Pourtant, des Guadeloupéens clairvoyants, dès les premiers pas de l’assimilation, ont tiré la sonnette d’alarme et proposé de changer de cap.
Je veux parler de Paul Valentino qui avait montré tous les dangers de l’affaiblissement du pouvoir local. Je veux aussi parler des étudiants guadeloupéens qui dès 1956 avaient posé le principe de reconstruire la relation avec la France en prenant en considération la personnalité guadeloupéenne.
Cela a été le cas, avec les conclusions du colloque de la revue Guadeloupéenne qui avait rassemblé le 4 mai 1958 au cinéma La Renaissance toutes les acteurs économiques, sociaux, religieux et politiques.
Ce fut aussi le cas les 21 et 22 avril 1961 avec le Congrès du Front Antillo-Guyanais à l’initiative d’Albert Béville, Edouard Glissant, Marcel Manville et Marie-Joseph.
Il faut constater que nous n’avions pas suffisamment pris en compte que la France n’est rien sans ses colonies et qu’elle ferait toujours tout pour ne jamais rien lâcher. Elle est toujours dans la même logique coloniale depuis 1635.
Ainsi donc, à épisode régulier, la question de la gouvernance revient dans le débat.
Elle revient parce que dans le système actuel, notre économie, nos valeurs sociales et morales, notre culture et notre identité s’effondrent doucement mais surement.

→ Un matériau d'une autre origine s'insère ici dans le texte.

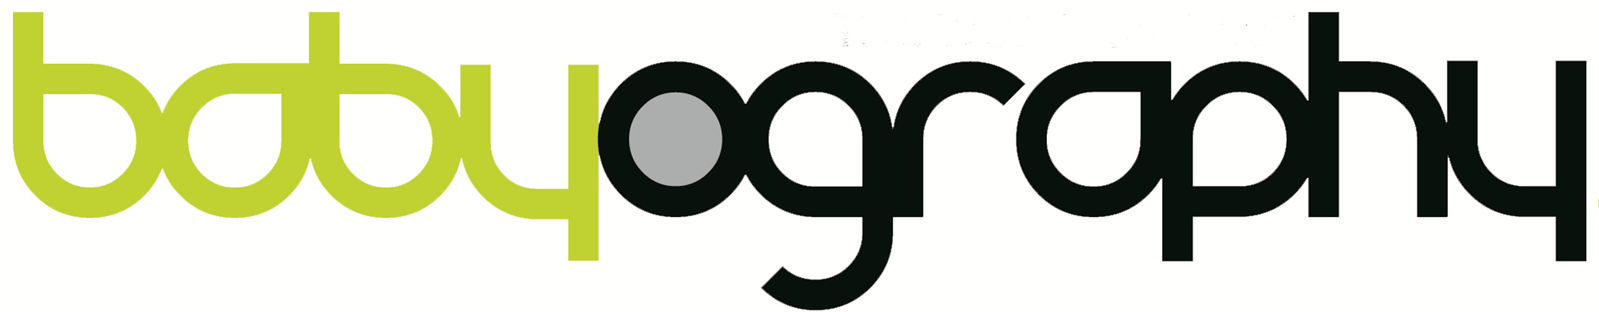 babyography_logo

Elle revient parce que le système qui nous est imposé est un système qui nous place en position d’infériorité par rapport à une métropole et une soumission à une civilisation qui méconnait nos droits et souvent notre humanité.
Elle revient parce que les contentieux liés à l’esclavage et à la colonisation n’ont jamais été abordés et continuent à hanter le peuple guadeloupéen dans son exigence de réparation.
Elle revient parce qu’on ne peut pas être homme et exister par nous-mêmes dans la peau d’un autre comme l’avait bien démontré Frantz Fanon.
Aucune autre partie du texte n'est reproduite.